The company also says that it will refuse demands from governments to add non-CSAM images to the list. “We have faced demands to build and deploy government-mandated changes that degrade the privacy of users before, and have steadfastly refused those demands. We will continue to refuse them in the future,” it says.

It’s worth noting that despite Apple’s assurances, the company has made concessions to governments in the past in order to continue operating in their countries. It sells iPhones without FaceTime in countries that don’t allow encrypted phone calls, and in China it’s removed thousands of apps from its App Store, as well as moved to store user data on the servers of a state-run telecom

The FAQ also fails to address some concerns about the feature that scans Messages for sexually explicit material. The feature does not share any information with Apple or law enforcement, the company says, but it doesn’t say how it’s ensuring that the tool’s focus remains solely on sexually explicit images.
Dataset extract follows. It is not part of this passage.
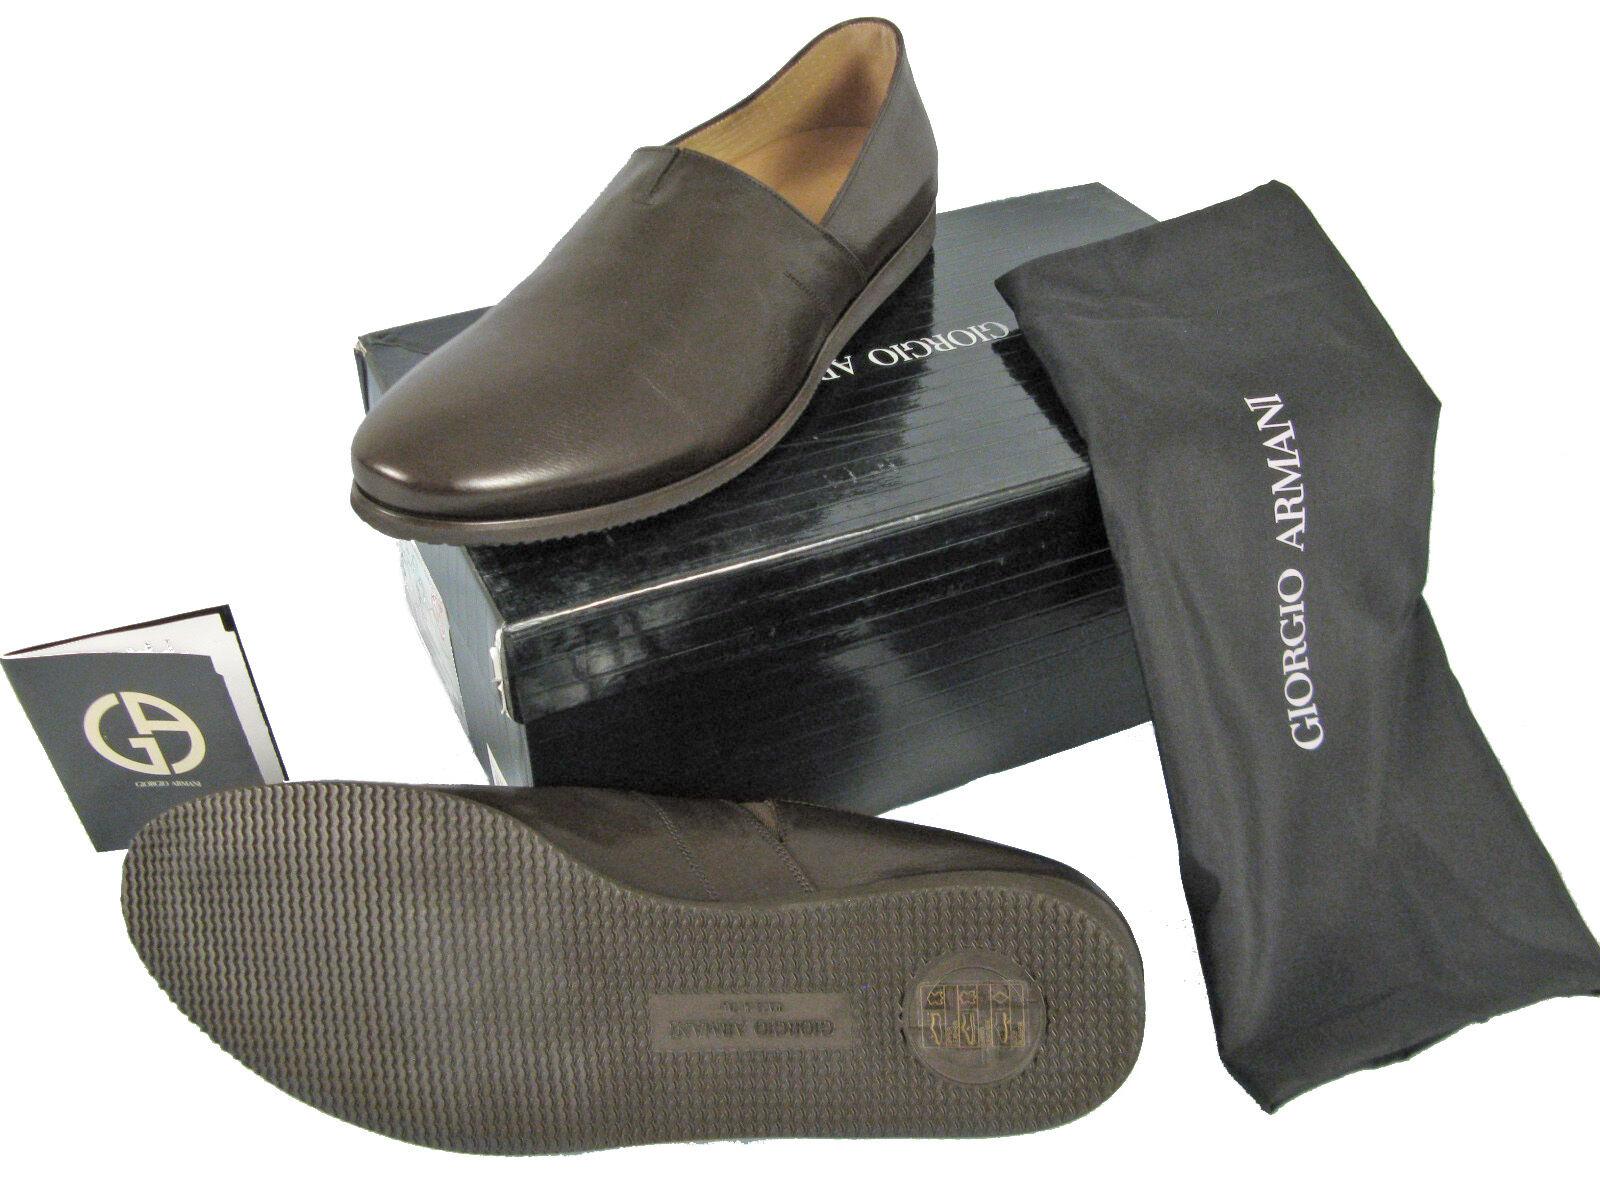 NEW  645 Giorgio Armani Uomo Shoes!  e 45 Approx   12   Casual Brown Slipons

“All it would take to widen the narrow backdoor that Apple is building is an expansion of the machine learning parameters to look for additional types of content, or a tweak of the configuration flags to scan, not just children’s, but anyone’s accounts,” wrote the EFF. The EFF also notes that machine-learning technologies frequently classify this content incorrectly, and cites Tumblr’s attempts to crack down on sexual content as a prominent example of where the technology has gone wrong.